» Your instructions
Skip every picture, then write out exactly the lines of the listing below from the line that contains "Cosa Animalia Association" through the final line.

» Given material
※

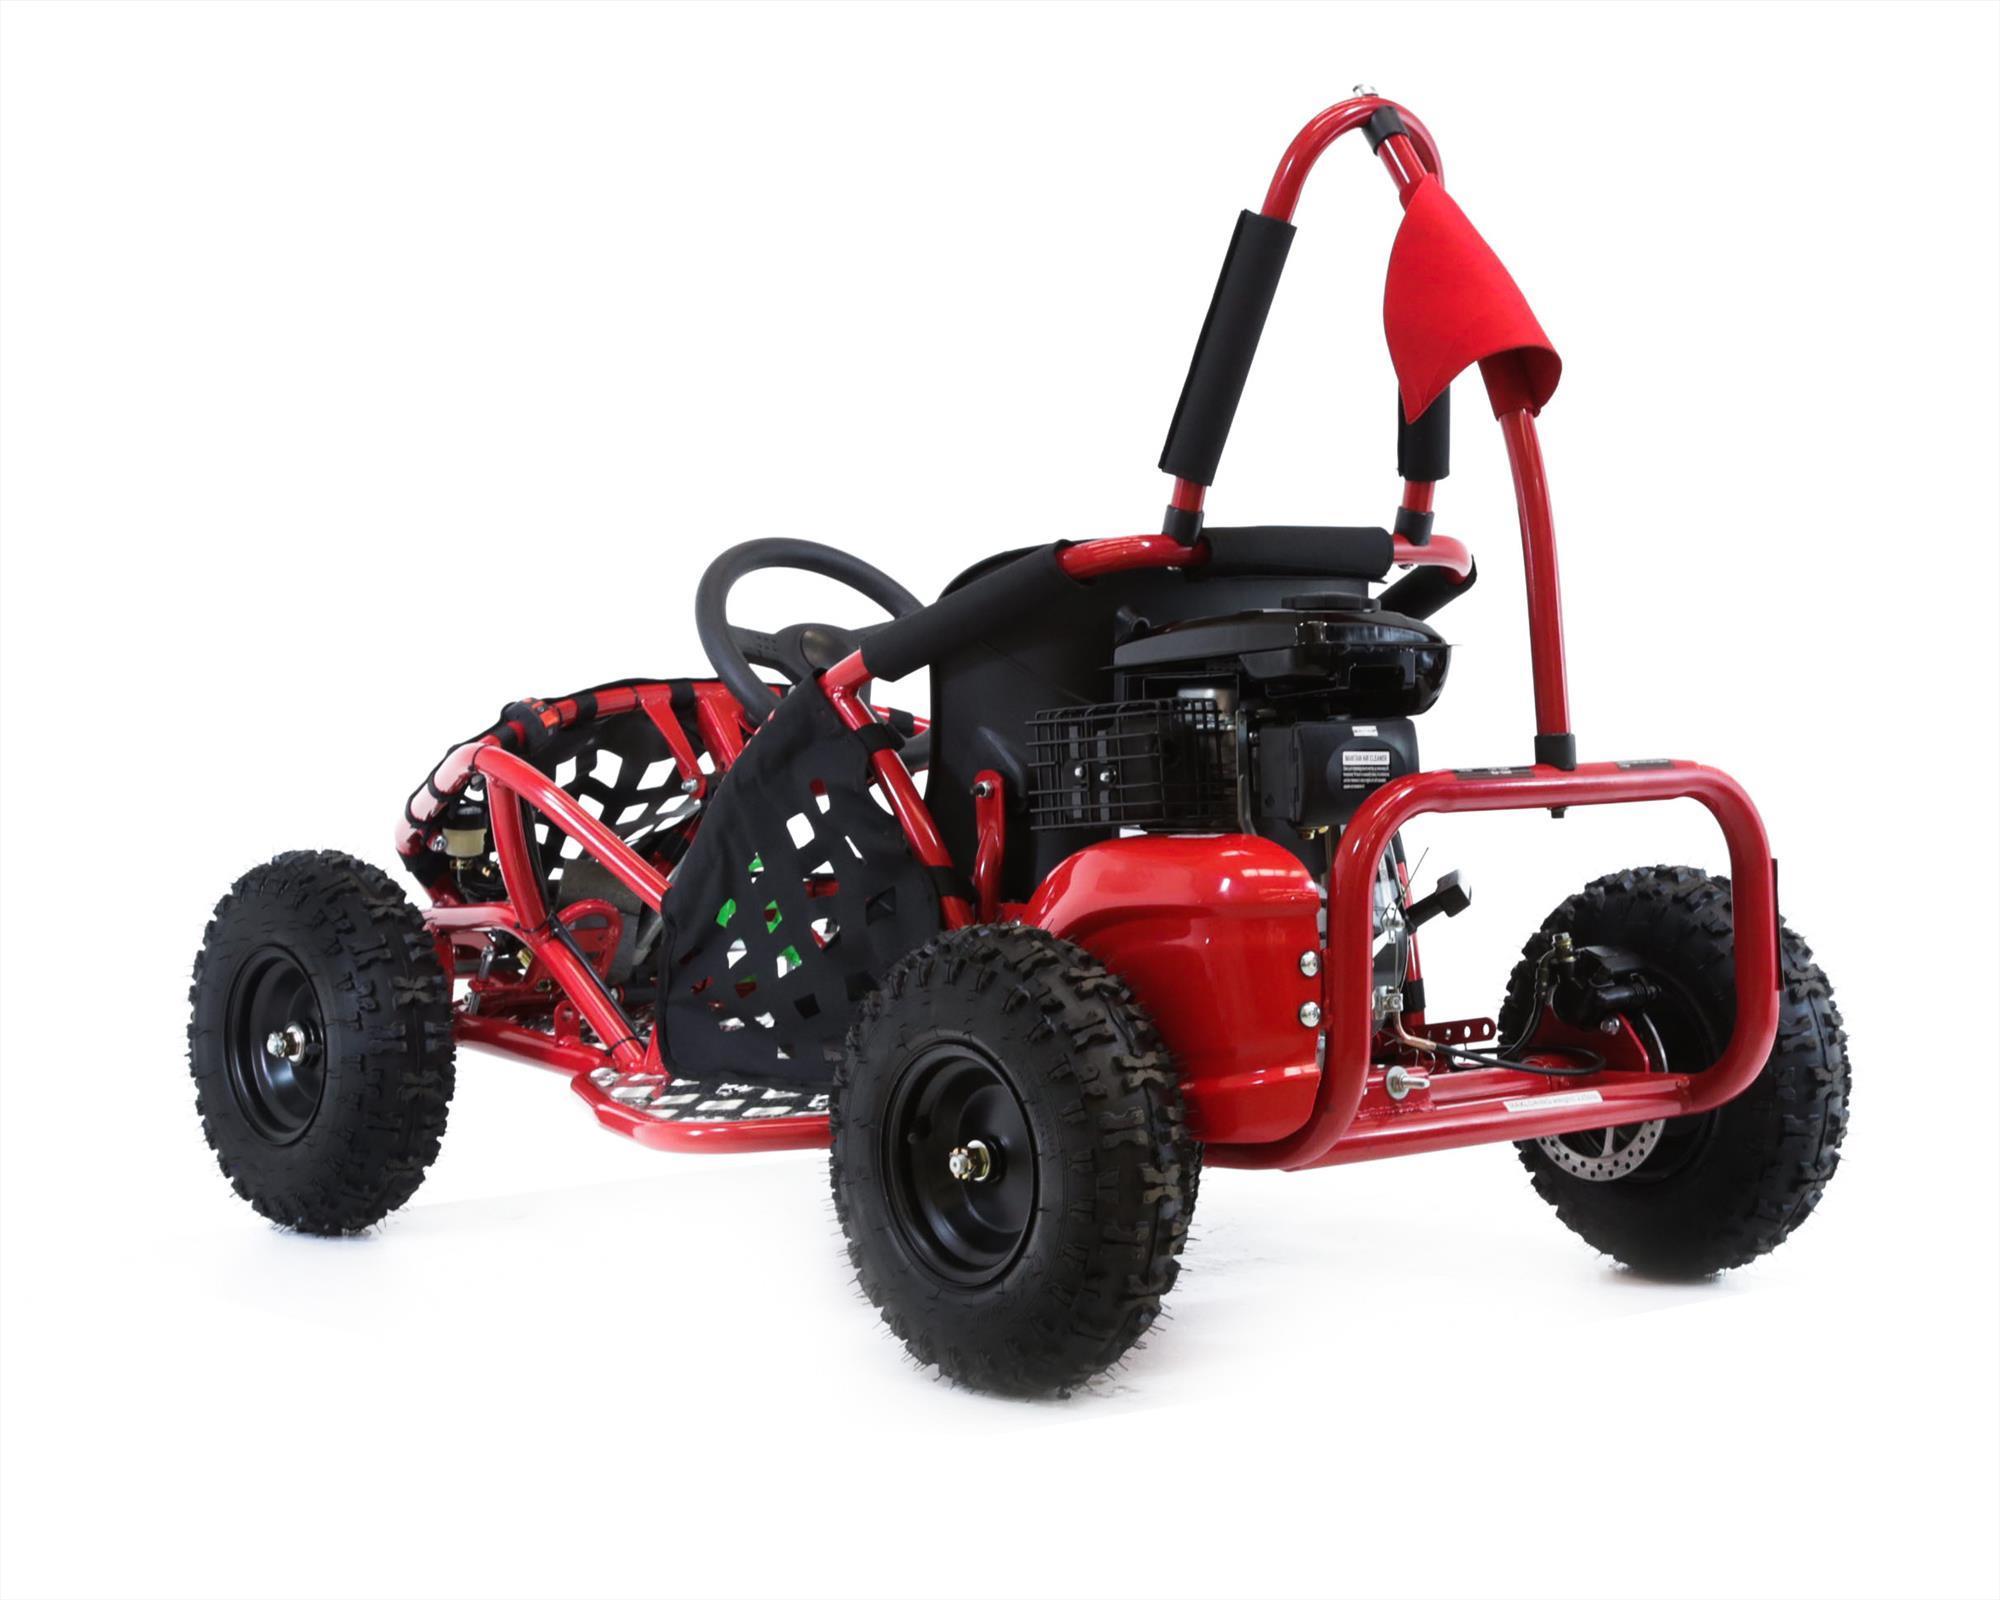 funbikes funkart 79cc petrol red kids mini go kart. Black Bedroom Furniture Sets. Home Design Ideas
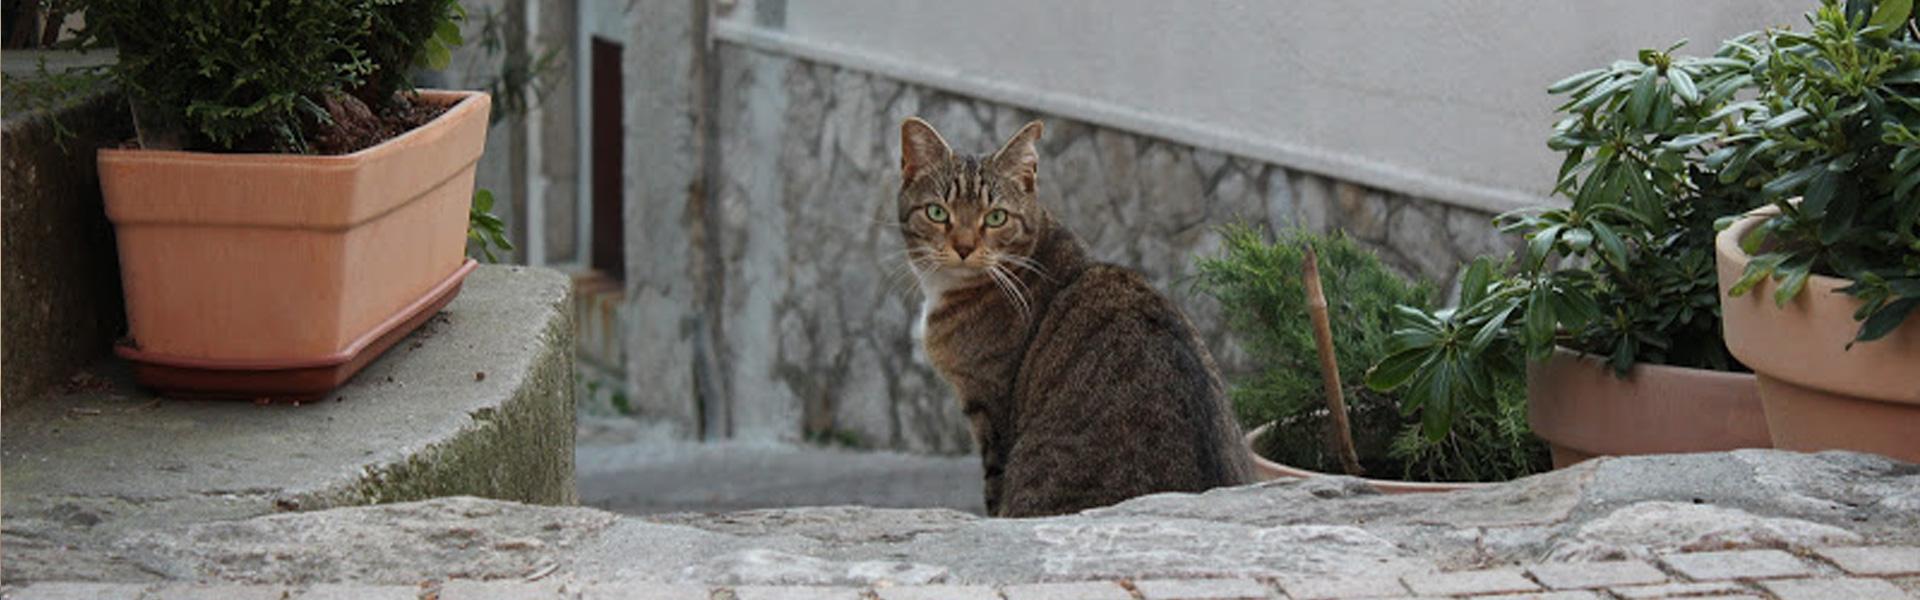 Cosa Animalia Association De Protection Animale Sur Grenoble
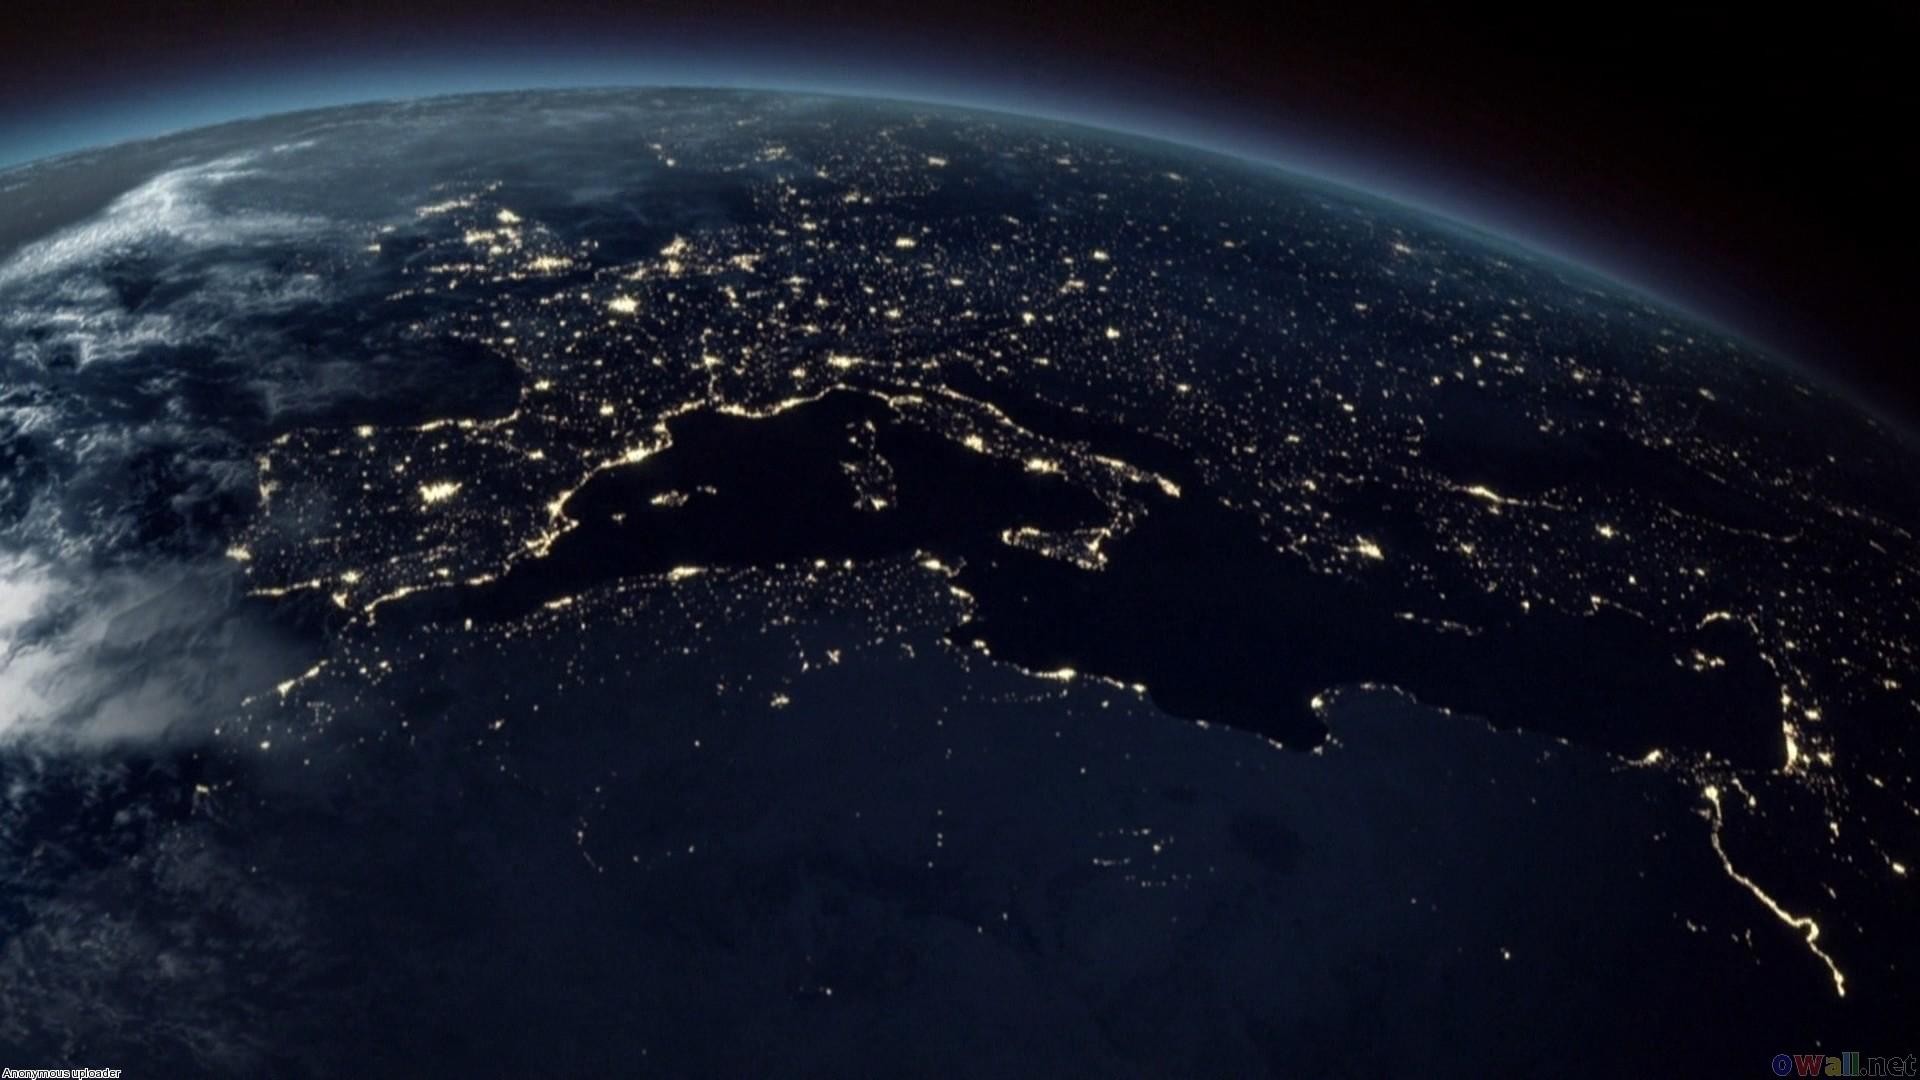 Earth Wallpaper Nasa Earth from space wallpaper hd

※

» Expected answer
 Cosa Animalia Association De Protection Animale Sur Grenoble
 Earth Wallpaper Nasa Earth from space wallpaper hd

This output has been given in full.